Rotary Funds Trainings to Prevent Human Trafficking
Students surveyed after the trainings say that they can define human trafficking, they understand how traffickers recruit victims, they know how to contact the human trafficking hotline, and they know how to protect themselves and others from trafficking. Stock image purchased.
Works Towards Protecting Children through Education
SACRAMENTO REGION, CA (MPG) - Human trafficking is a $150 billion industry and is the fast-growing criminal activity in the world. California has the highest volume of sex trafficking, and the Sacramento region is a hotbed for trafficking in the United States.
The local Rotary District 5180 has undertaken a large-scale campaign to combat the issue of human trafficking in the Sacramento Region.
Rotary members Brian Gladden and Bob Deering (former District Governor) initiated the project more than three years ago. Through their research, they discovered that education is the key to preventing human trafficking. District 5180 raised more than $383,000 in grant funding to educate youth and the general public about the risks of human trafficking.
District 5180 partnered with local non-profit 3Strands Global in a public awareness campaign that reached approximately 78 million people.
Deering spoke at a recent Fair Oaks Rotary meeting to explain just how insidious trafficking is in our area and to update local Rotary members about the project’s progress.
Deering said that traffickers initially contact most victims online and that approximately 65% of the victims come from broken homes. When a stranger online begins showing them love and attention, the children are extremely vulnerable to becoming a trafficking victim.
Deering explained that one of the reasons Sacramento has such high trafficking rates is due to the prevalence of gang activity. He said that trafficking is “quickly becoming the number one revenue producer for gangs.”
While drugs can only be sold once and there are numerous risks in obtaining more to sell, the traffickers view young people as merchandise that can be sold repeatedly.
Because Interstate 5 and Highway 80 both run right through the Sacramento region, traffickers can easily transport victims throughout the state. Deering said that the practice of frequently moving the victims to new locations leaves them in a constant state of confusion because they don’t know where they are or how to find help.

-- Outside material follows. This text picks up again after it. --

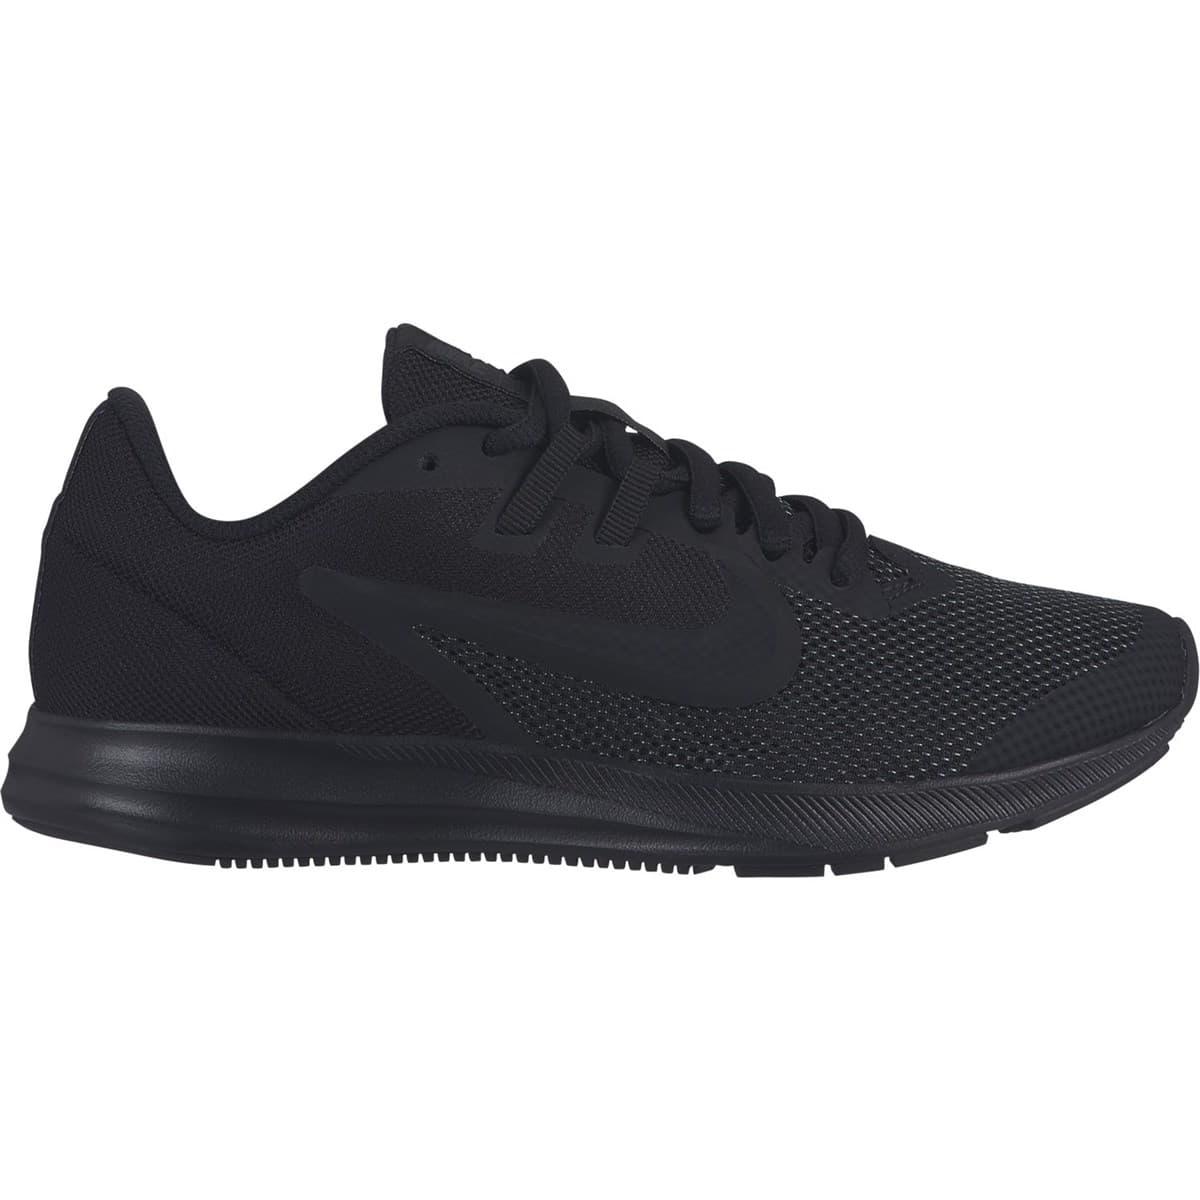 Downshifter 9 Kadın Siyah Koşu Ayakkabısı (AR4135-001)

Deering said that the project’s most important component was getting the 3Strands Global educational trainings into local schools. Deering described AB 1227, the Human Trafficking Prevention Education and Training Act, which was sponsored by 3Strands Global Foundation and signed into law in 2017.
The law requires California public schools to train county leadership, administrators, and educators in how to identify children who have been, or who are at risk of being, exploited — as well as how to proceed when potential victims are identified. The schools must also provide human trafficking prevention education at least once in middle school and once in high school as part of sexual health education.
Due to the passage of AB 1227, Deering thought it would be easy to get the 3Strands curriculum into local schools, especially since District 5180 would be paying for it with grant funds. But Deering soon found that navigating the politics of the local school boards was no easy feat.
At many of the schools, Deering said it took months for the local curriculum committees to review and approve the 3Strands training curriculum. He explained that some individuals at the schools didn’t appreciate outsiders coming in and suggesting curriculum improvements and that those individuals believed the schools already knew how to handle the problem.
Deering said they also dealt with one angry parent who mistakenly got the impression that the training targeted students of color. Her frequent complaints that the training was racist made that particular school board initially hesitant to accept the trainings.
But Deering knew just how crucial it was to bring these trainings to the students, especially because the average age of trafficking victims is 12 – 14 years old. So they kept pushing, and now they have educated over 25,000 students and more than 650 teachers.
The trainings are already having a significant impact. Deering said that at each training, at least a few students approach the trainers afterward to say they now recognize they were being groomed for trafficking — or that they are already being trafficked and want help getting out.
Students surveyed after the trainings say that they can define human trafficking, they understand how traffickers recruit victims, they know how to contact the human trafficking hotline, and they know how to protect themselves and others from trafficking.
Deering expressed his thanks to all the clubs in the District for supporting this project. He estimates that the remaining grant money will be spent by the end of the year, so he asked that local clubs consider using some of their funds to sponsor trainings in their neighborhood schools.
“We want to find ways to keep this going even after the initial funding runs out.”